Kim Comer from Breaking the Cycle said:
Thank you for making the effort to write down your thoughts about the assembly. I know all too well that it is not easy to express your feelings about your father and your relationship with him. Hold onto the part of you that still loves him no matter what. The easier path is to hold onto grudges and break off relationships. The harder way is to try to forgive and stick by someone you love no matter what they do. It means a lot to me that you want to hold onto that relationship and respect him as your father even if you are angry or frustrated about his behaviour.

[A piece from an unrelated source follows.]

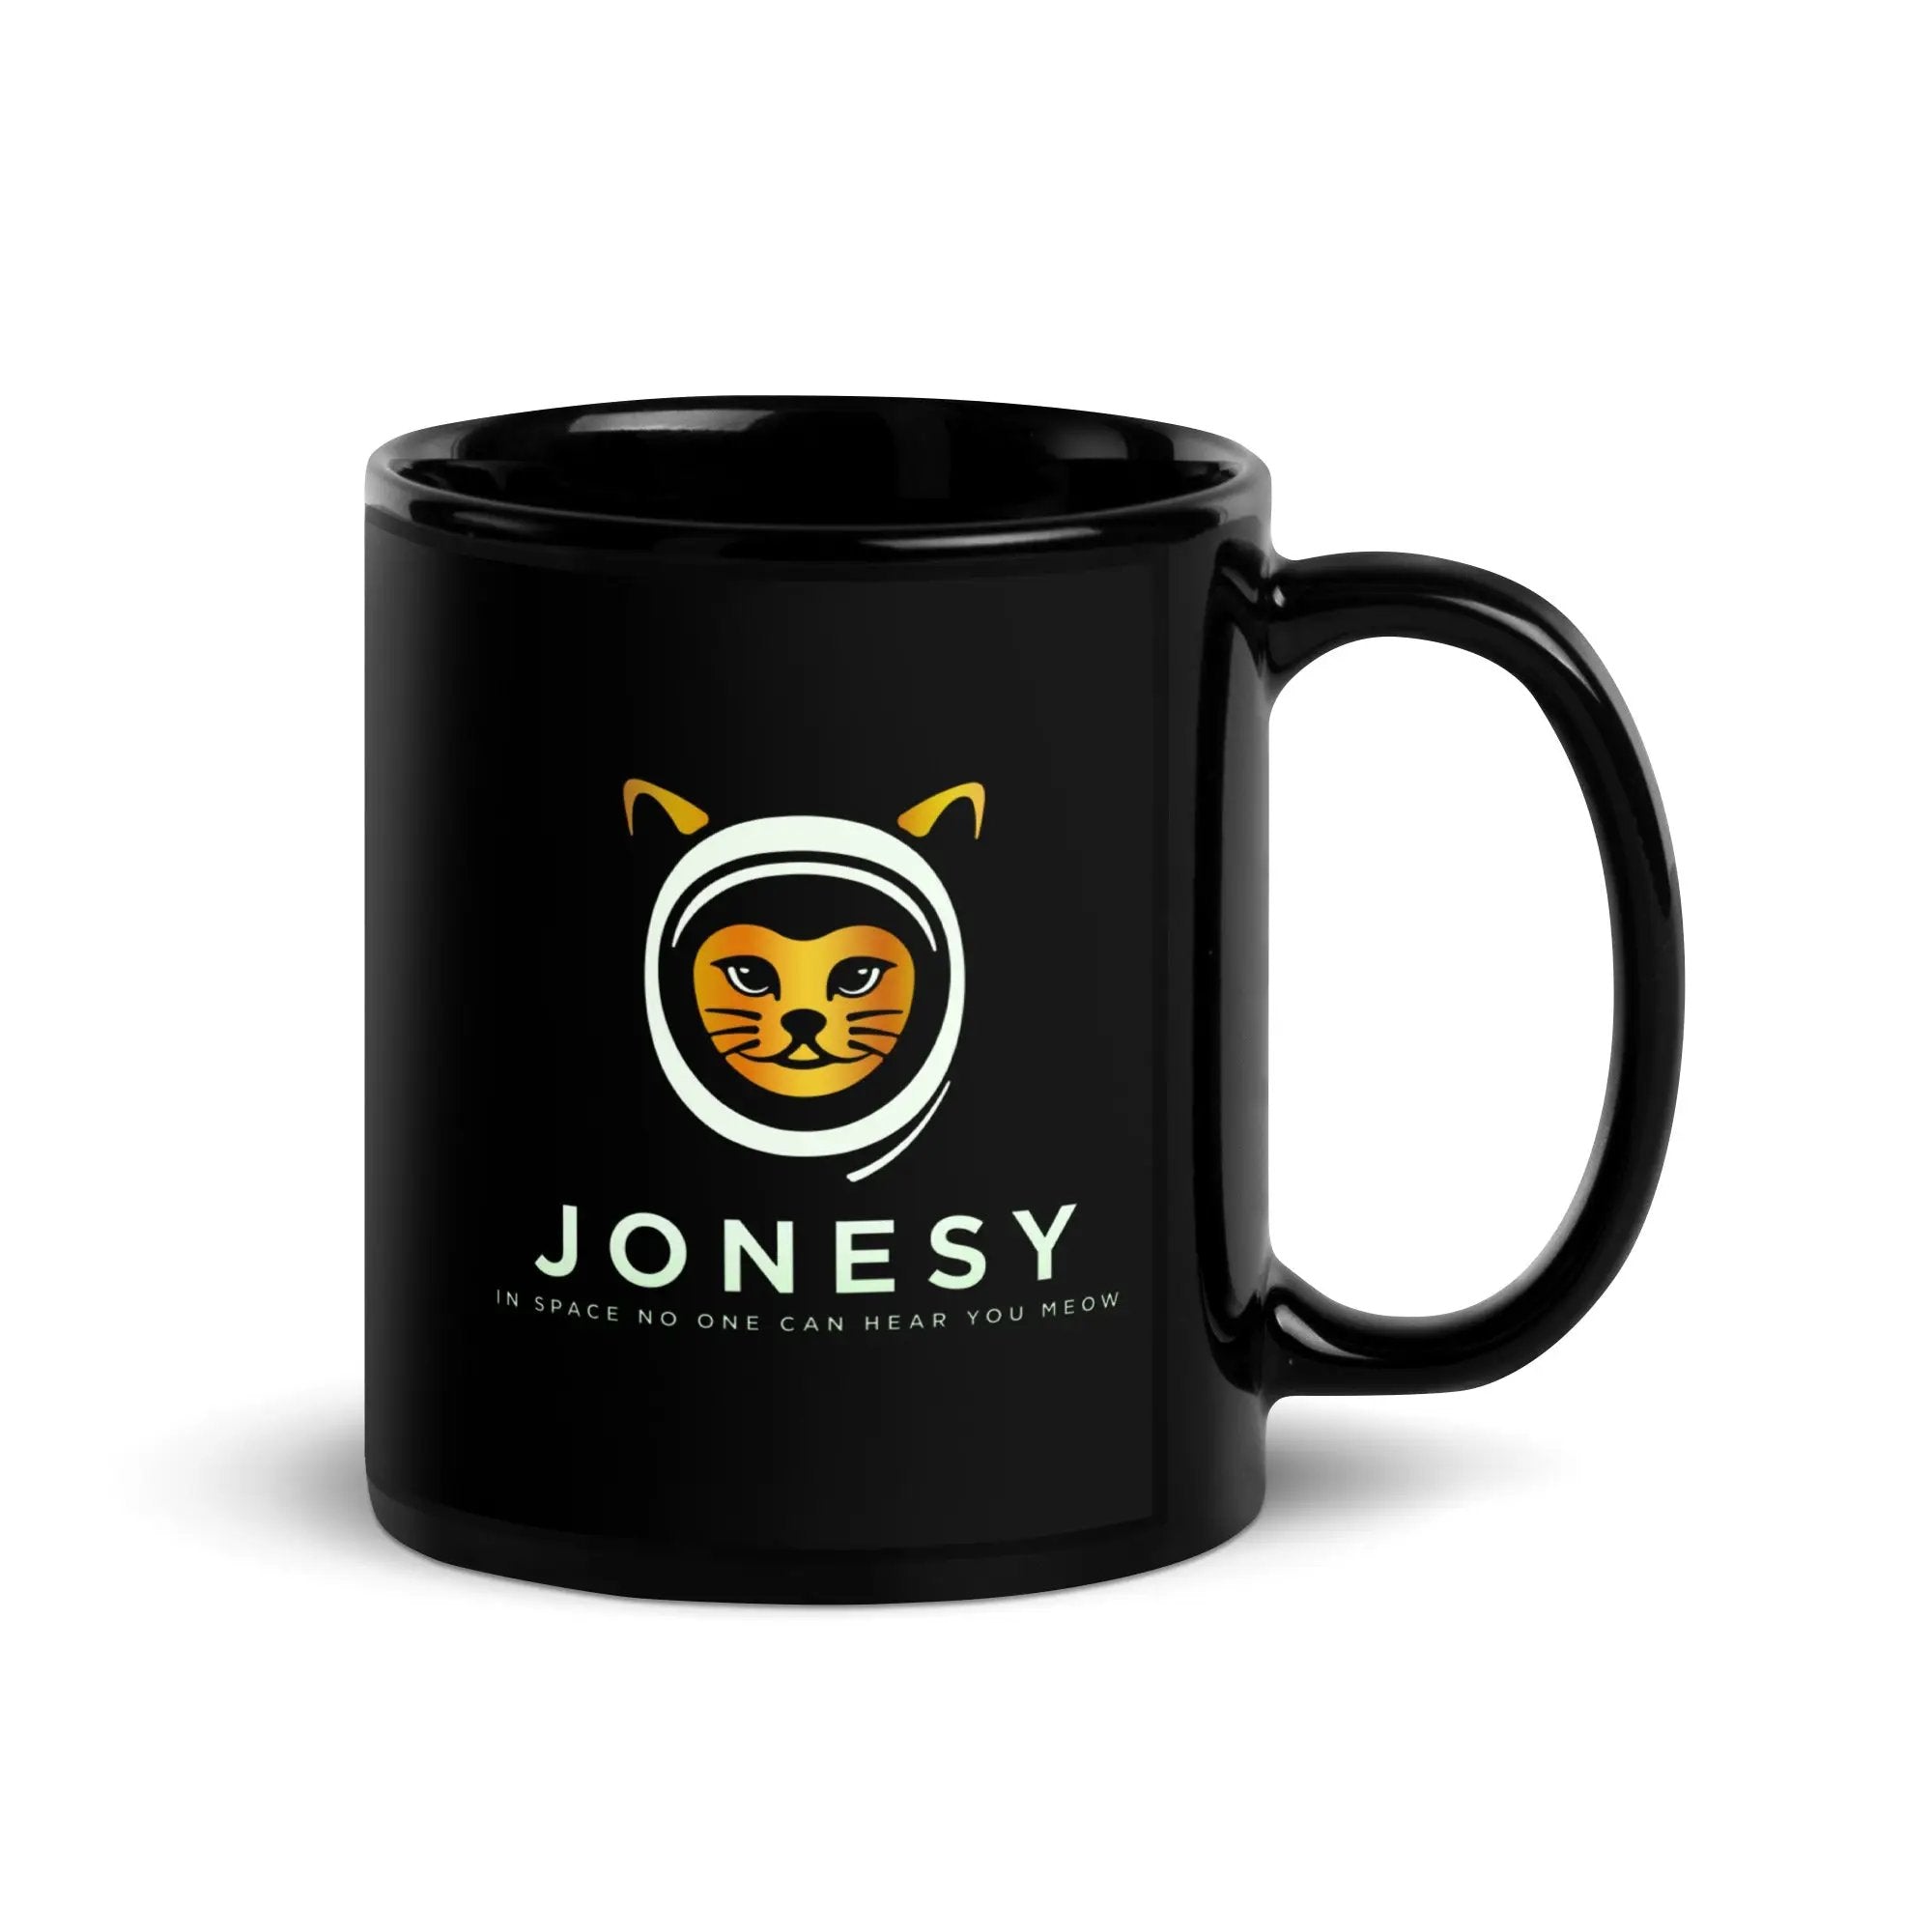 a black coffee mug with a cat on it

Nathan Levy from Breaking the Cycle said:
Losing someone close to you is very hard to deal with and is a continual journey. September is always a difficult month as Robert (my brother) was killed. Coming to your school was very positive and the audience we had was both engaging and attentive. Your lives are all important and invaluable, therefore given the opportunity to give you a message or encouragement and understanding of forgiveness was very important for me and Breaking the Cycle team. Please keep all we discussed close to your hearts and use the assembly to motivate you as you strive for success. To the anonymous person who expressed their situation about their father and your condolences for myself, I both support you and thank you. It is so encouraging to hear that the assembly helped you in that way. I think your words are very honest and think that you will achieve a lot of progress with your father if you keep to what you have expressed in your comment. We all face obstacles in our life, but to create a support structure and positive aspirations in every part of our lives, will help us to achieve the best.